---- DATA PROVIDED
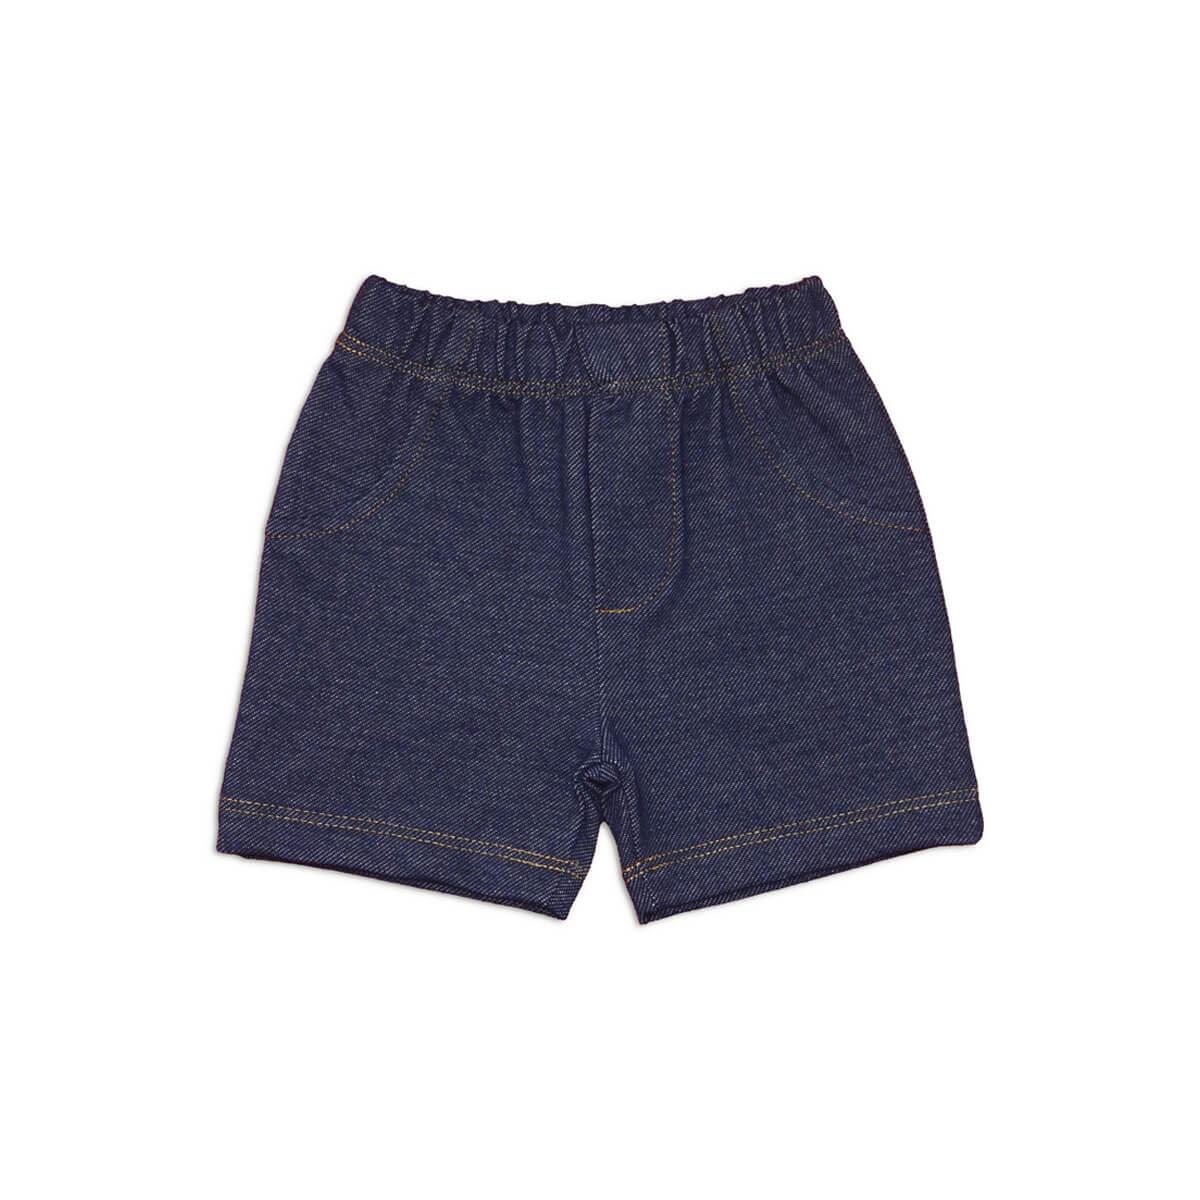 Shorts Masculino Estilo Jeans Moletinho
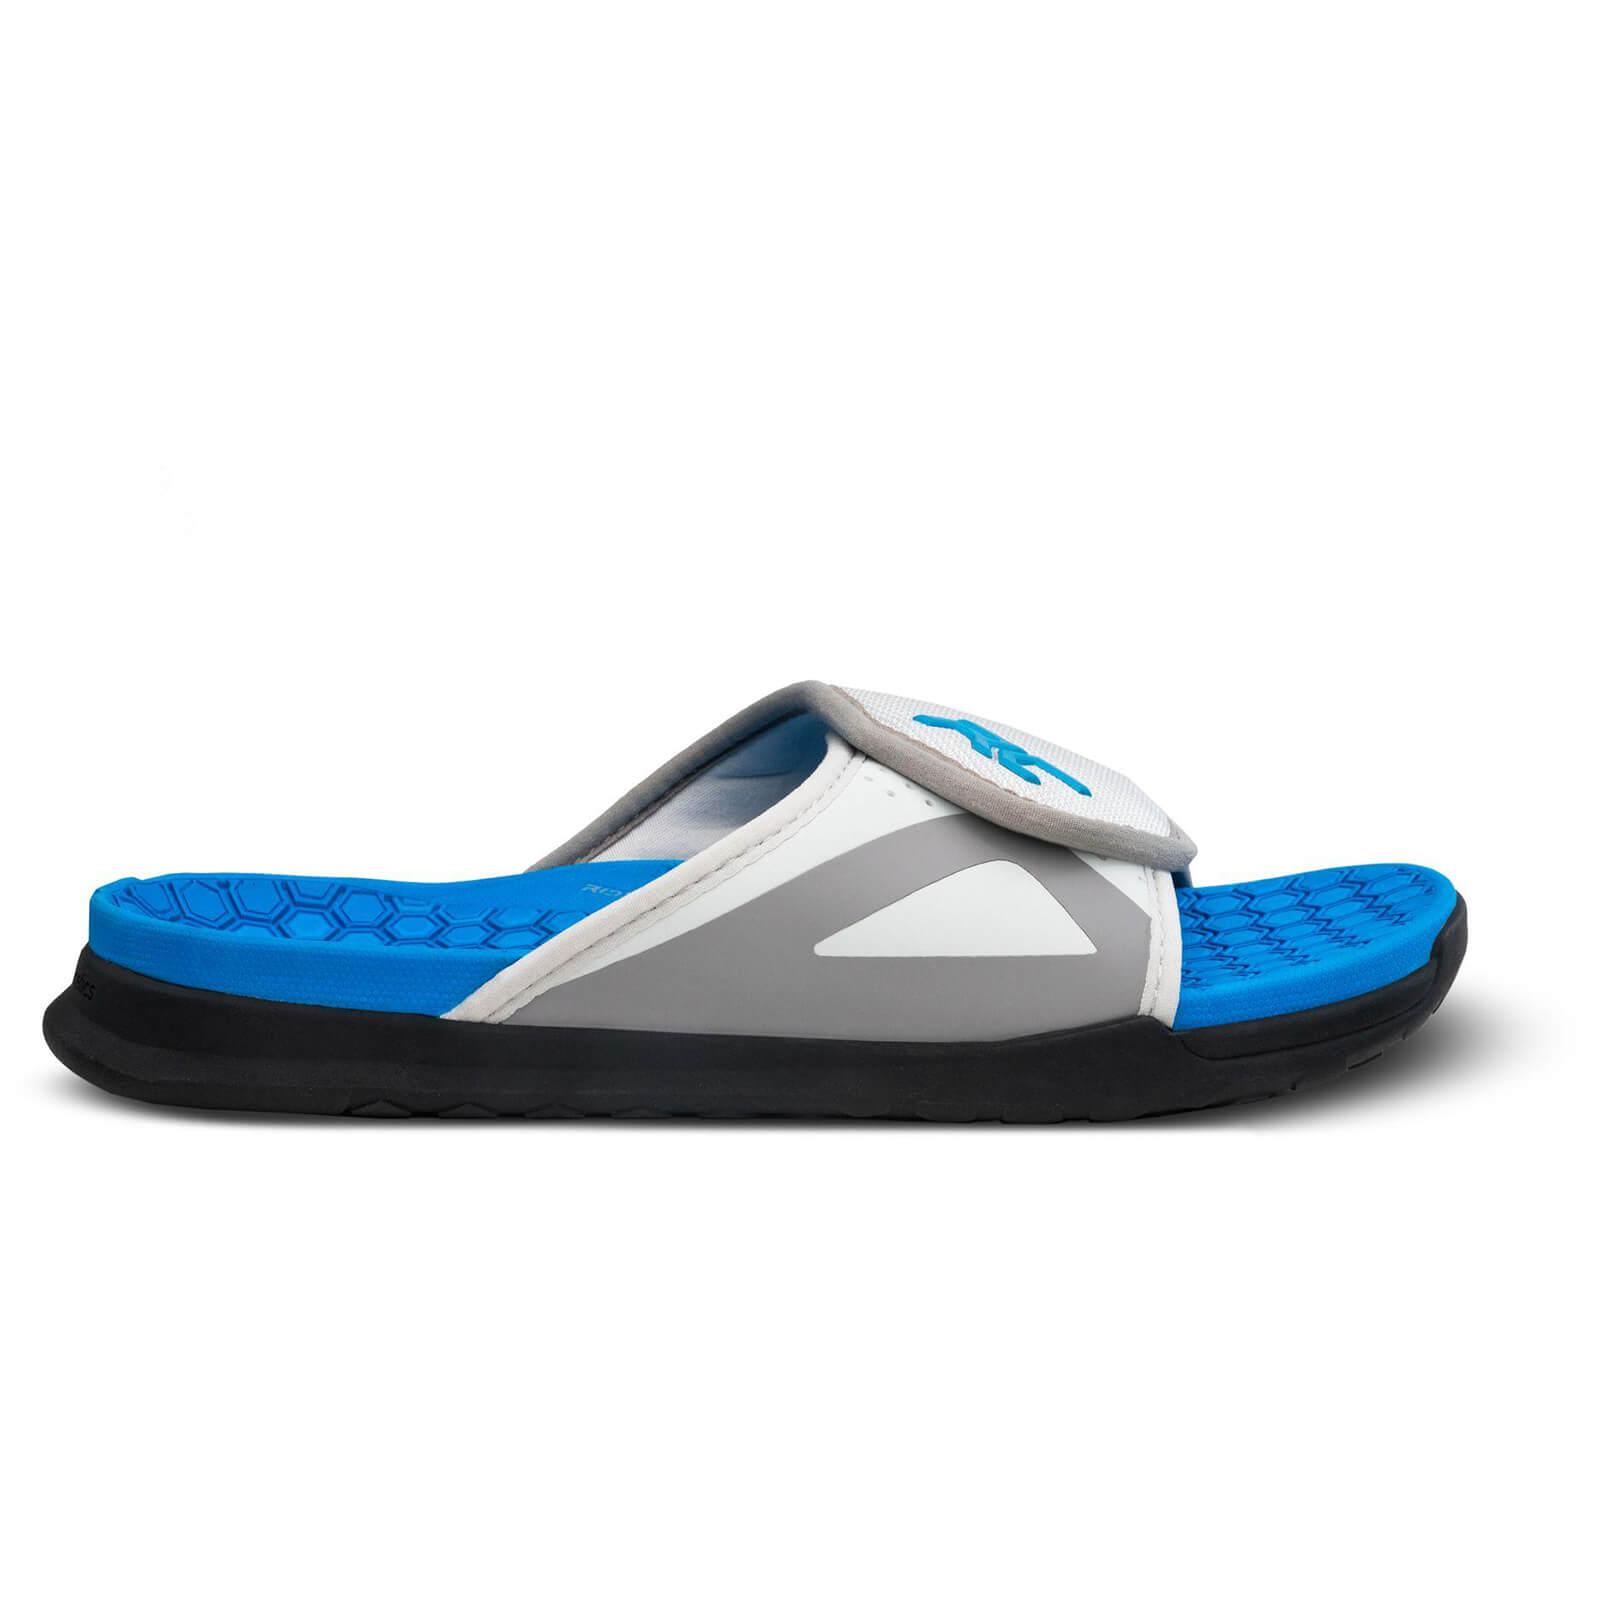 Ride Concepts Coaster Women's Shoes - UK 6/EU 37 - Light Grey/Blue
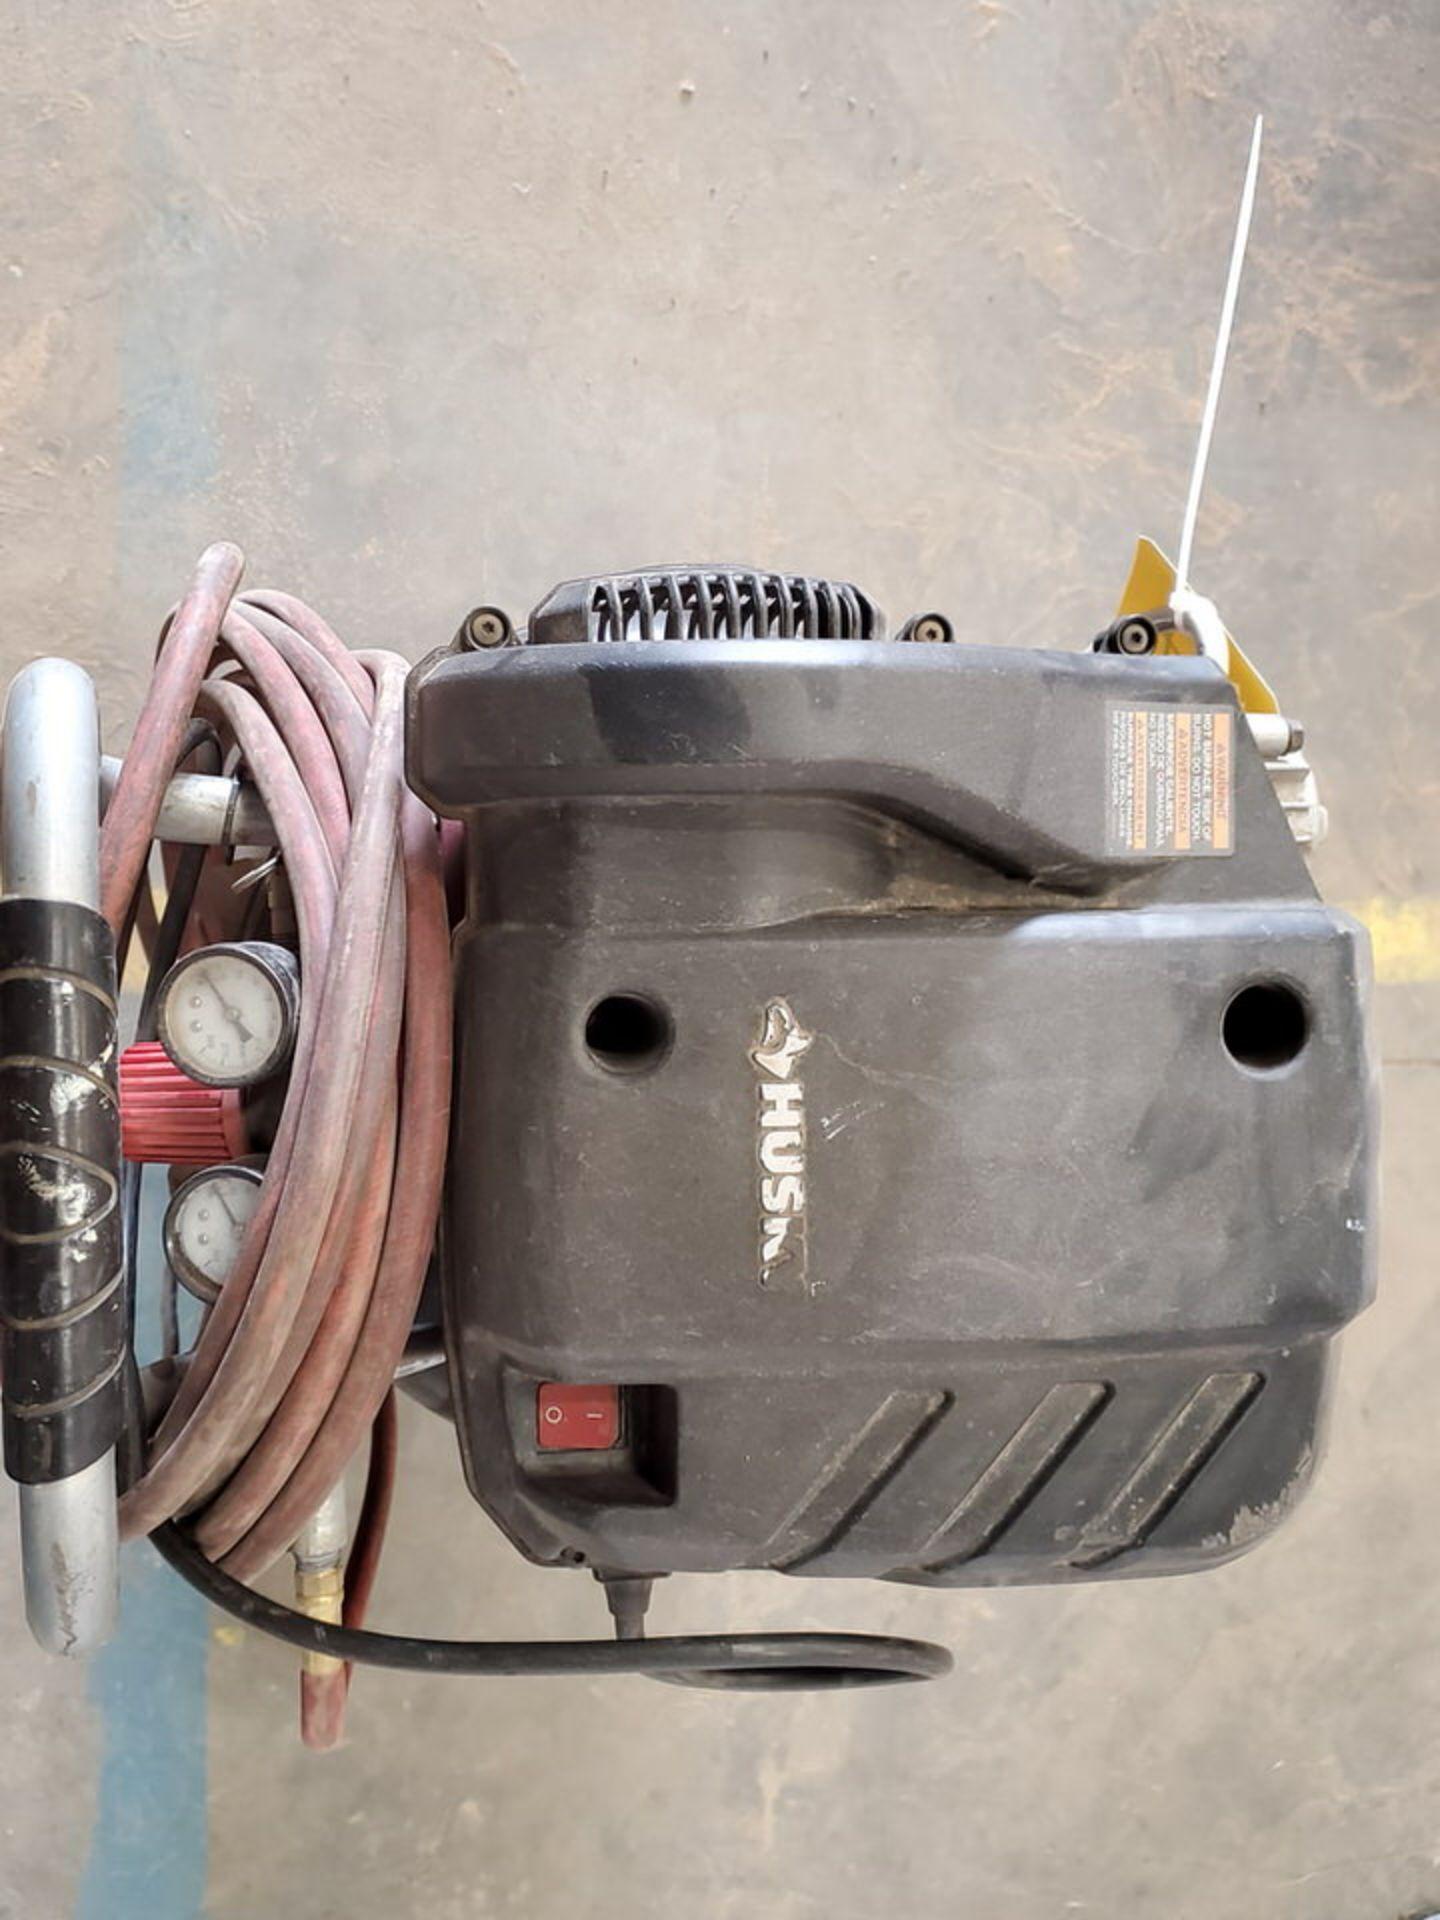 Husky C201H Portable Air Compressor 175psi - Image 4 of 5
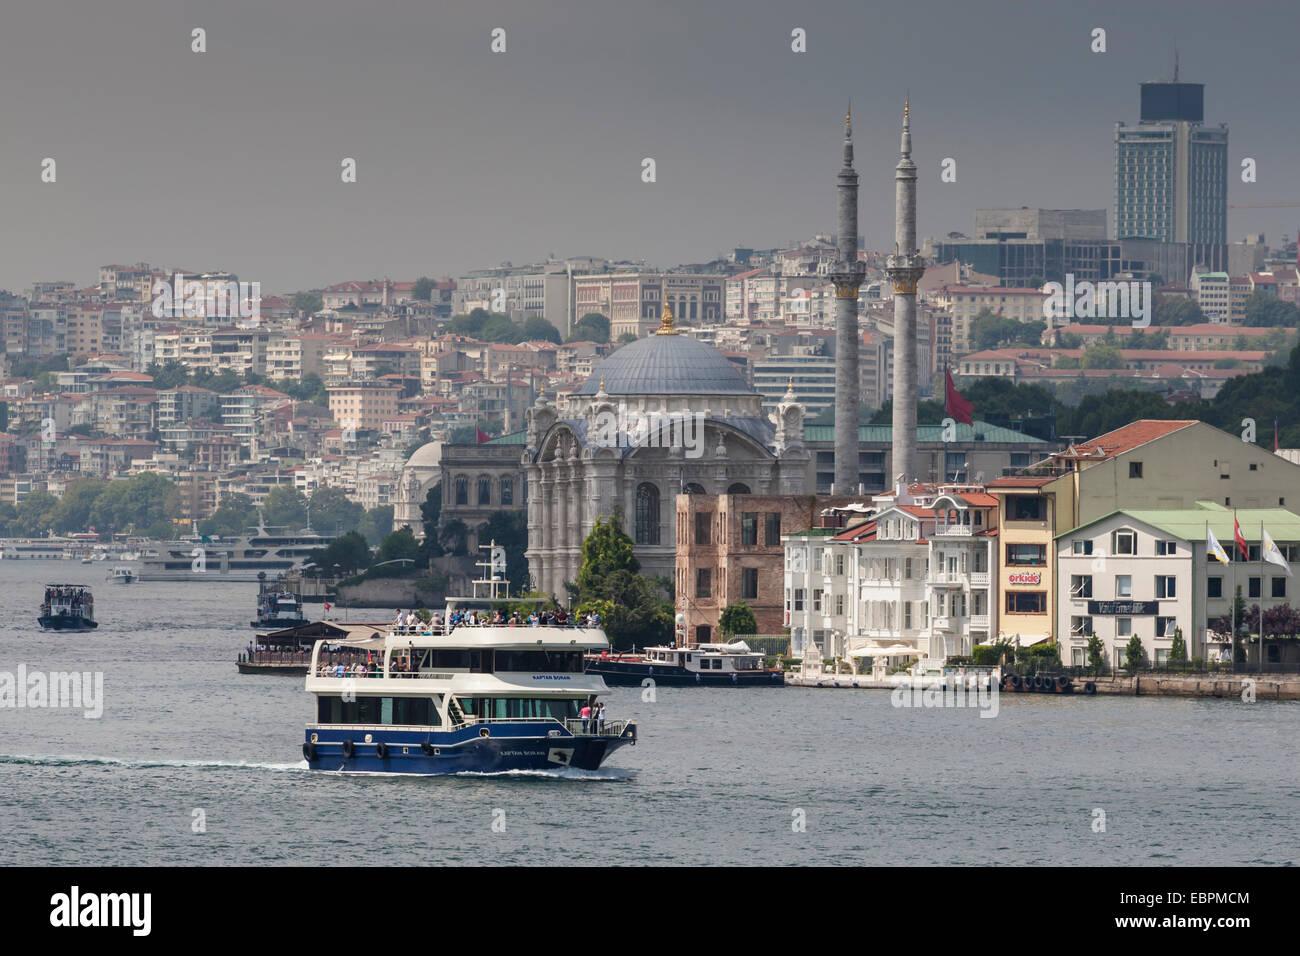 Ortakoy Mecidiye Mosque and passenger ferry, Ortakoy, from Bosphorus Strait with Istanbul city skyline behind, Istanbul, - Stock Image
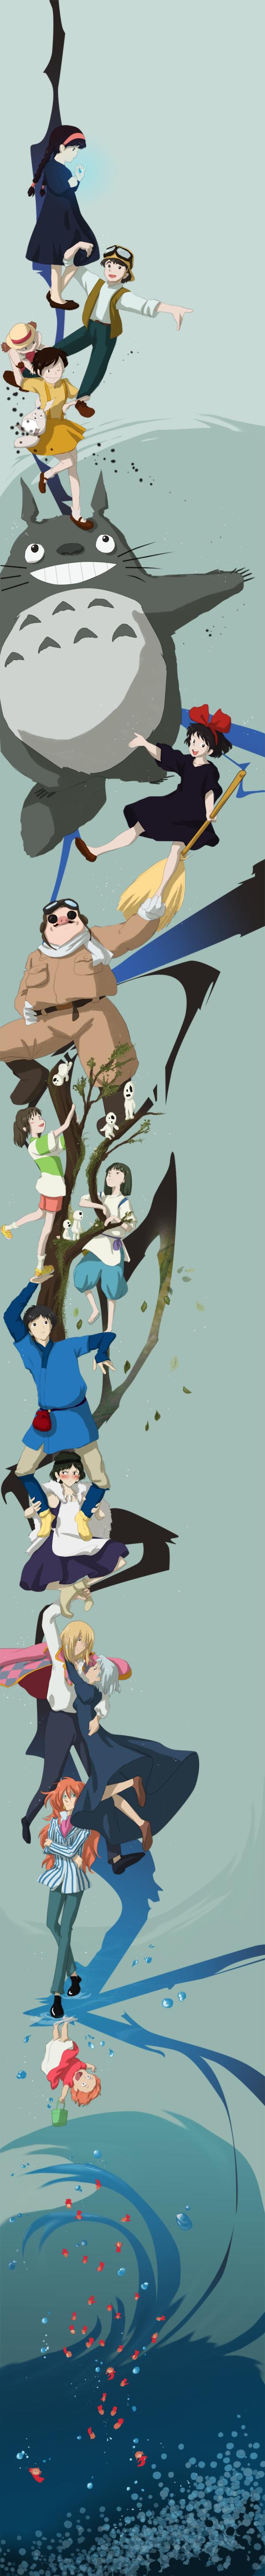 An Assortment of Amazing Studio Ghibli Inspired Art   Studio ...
--------
▶ [WORK ITEM]:
All of the records above must be copied exactly, except for the pictures.

▶ [REPLY TO THE EXERCISE]:
 Shorts Masculino Estilo Jeans Moletinho
 Ride Concepts Coaster Women's Shoes - UK 6/EU 37 - Light Grey/Blue
 Husky C201H Portable Air Compressor 175psi - Image 4 of 5
 Ortakoy Mecidiye Mosque and passenger ferry, Ortakoy, from Bosphorus Strait with Istanbul city skyline behind, Istanbul, - Stock Image
 An Assortment of Amazing Studio Ghibli Inspired Art   Studio ...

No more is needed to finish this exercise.